Sir John Soane (1753-1837) was an English architect, teacher, and collector. He worked in the Neo-Classical Style and is most well-known for the old Bank of England building. He also designed country homes, churches, and the first modern art gallery. He remodeled three houses on the north side of Lincoln’s Inn Fields, in the Covent Garden area of London, to serve as his home, his library, a workshop for his architectural students, a meeting place for clients, and most of all, as a showplace for his collections of art, antiquities, and architectural bits and pieces. When he died in 1837, Soane gave the house and all its contents to the British people and provided an endowment “for the care and maintenance of the museum” which actually lasted until 1947.

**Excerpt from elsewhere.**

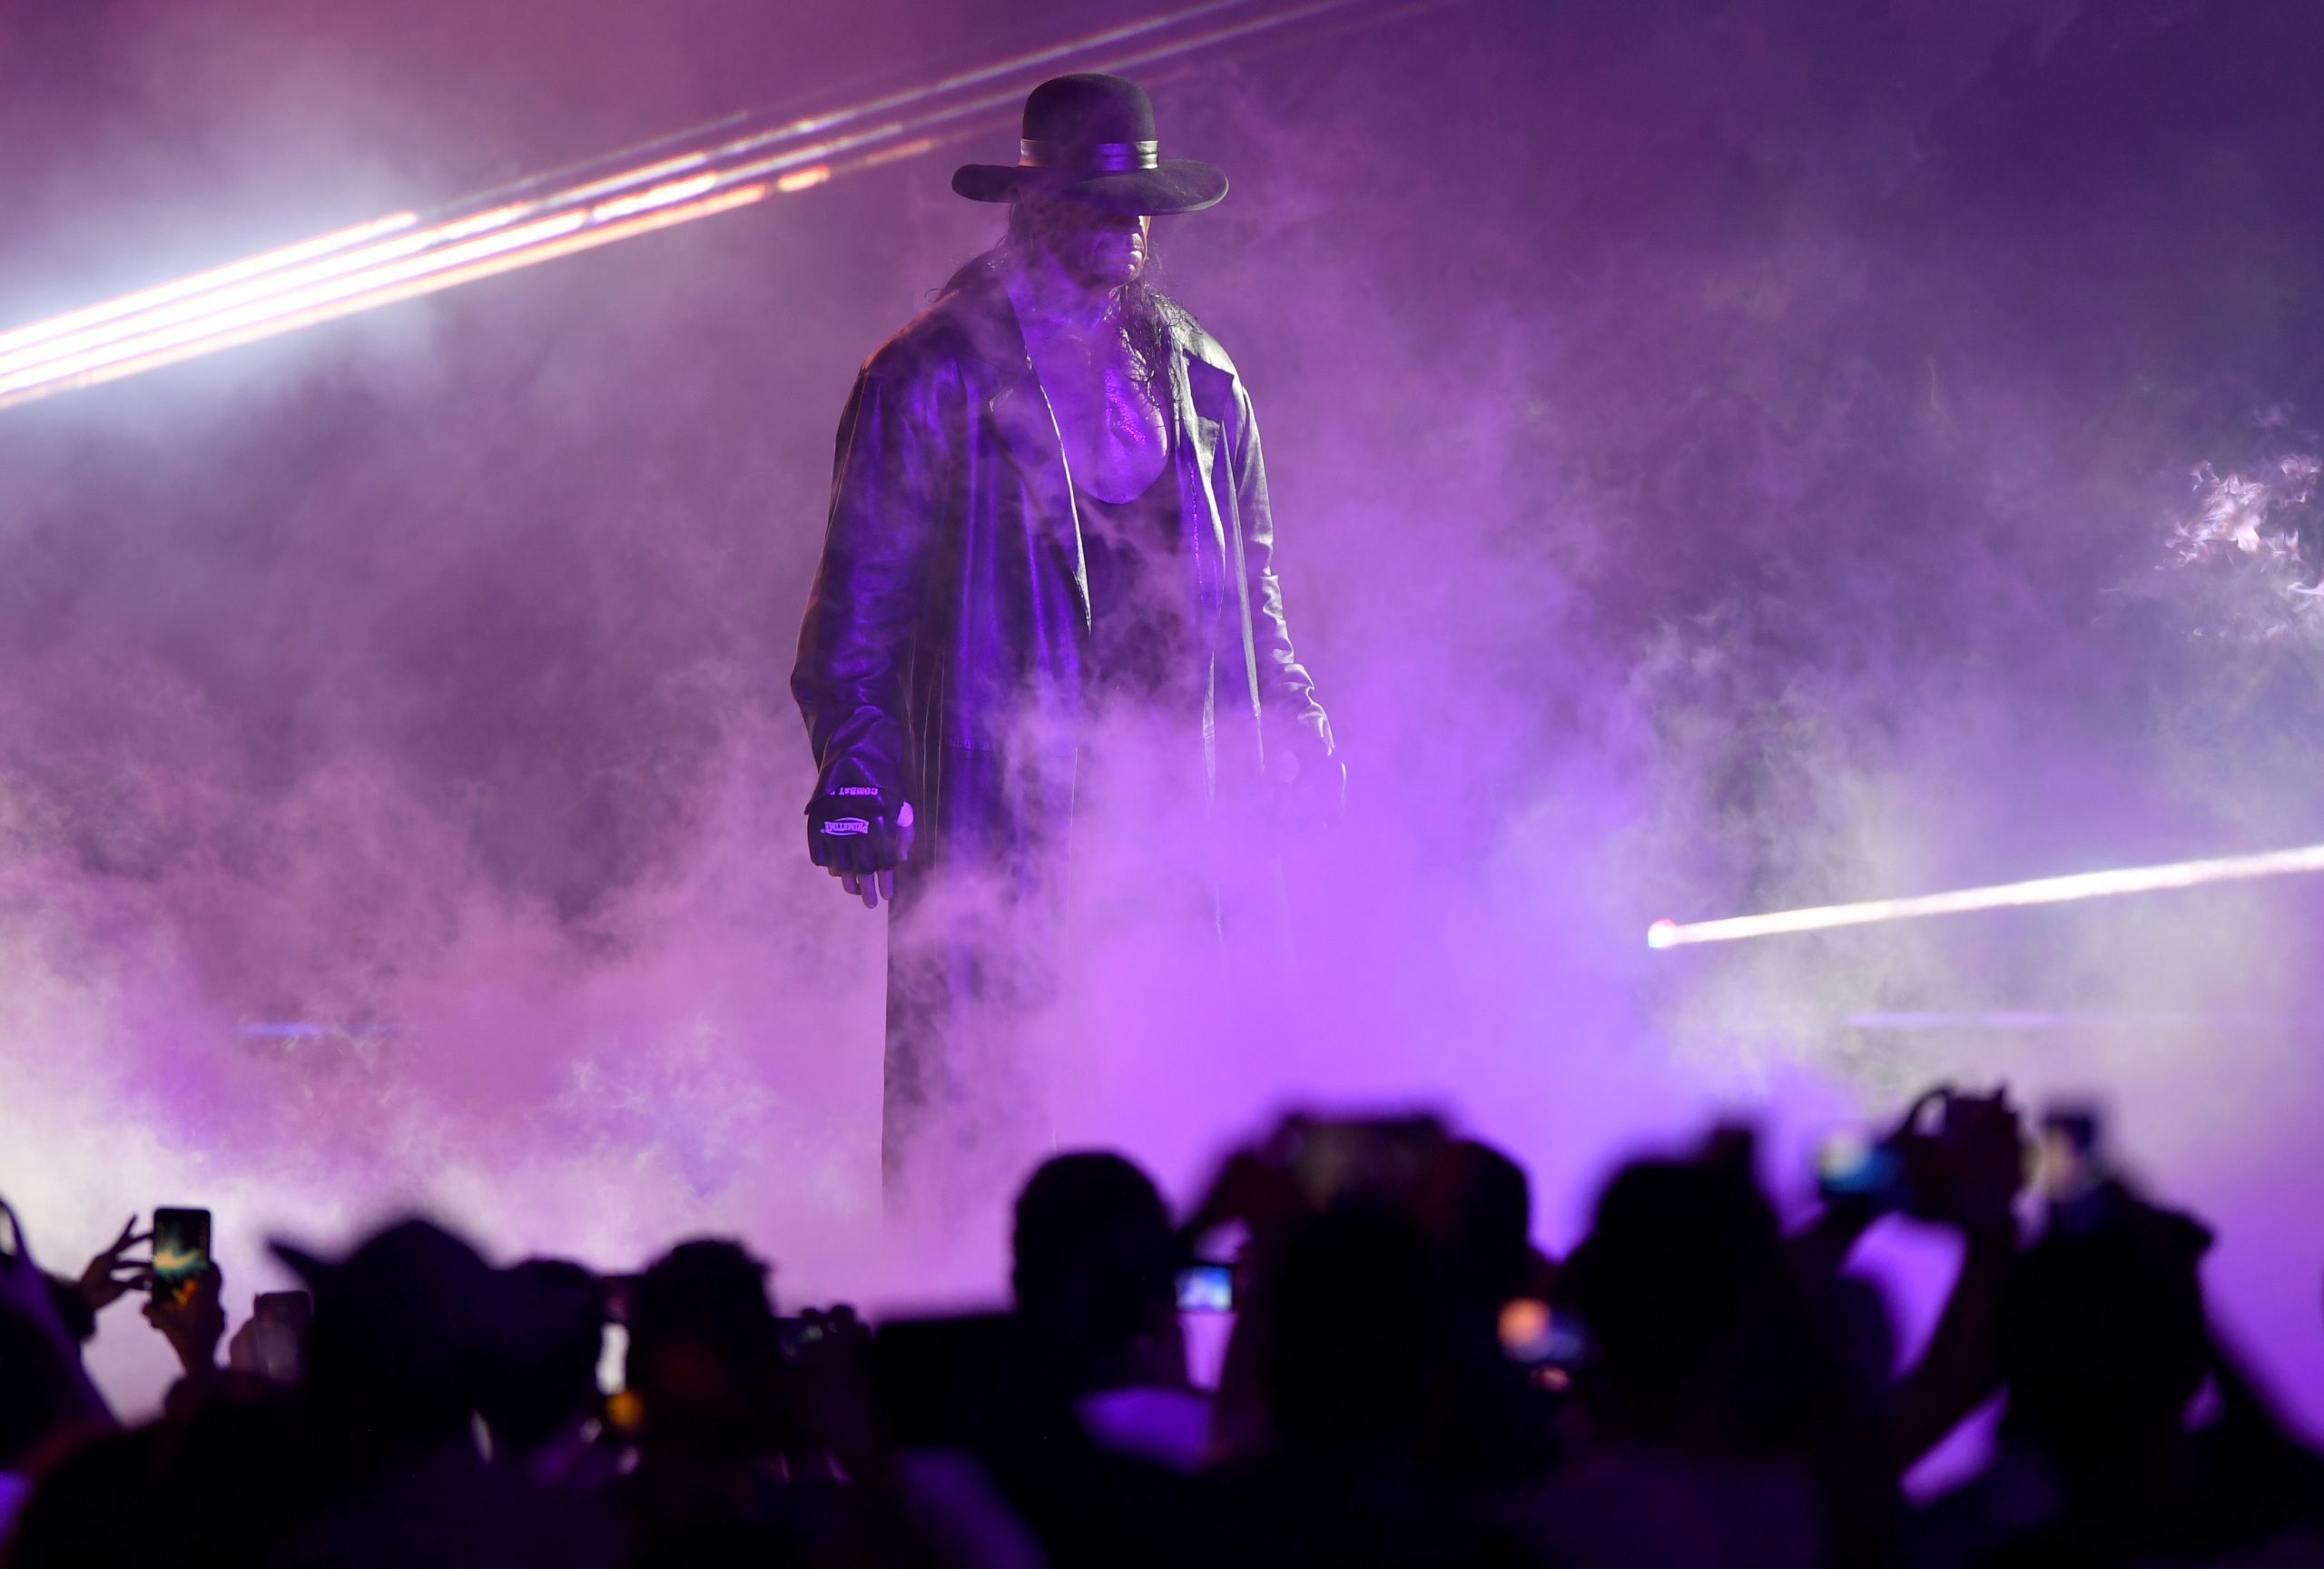 The Undertaker has one of the greatest streaks in WrestleMania history

Martha and I visited the Museum on our first afternoon in London. We were surprised when we were asked to put our purses into plastic bags, but soon came to see why a swinging shoulder bag could be a disaster. The plain exterior is in complete contrast to the astounding interior, where art and sculpture are EVERYWHERE. Every available surface, vertical and horizontal is utilized to show off Soane’s treasures.

One room, highlighting a series of Hogarth and other paintings, has three sets of walls, hinged to open as separate panels; it houses more than 100 paintings. For all of its clutter and congestion, the house is amazingly bright. Soane incorporated all sorts of skylights and windows to display his collections in natural light.

Inside photography is not allowed, but here are some prints showing the inside as it looked in 1864. It looks much the same today.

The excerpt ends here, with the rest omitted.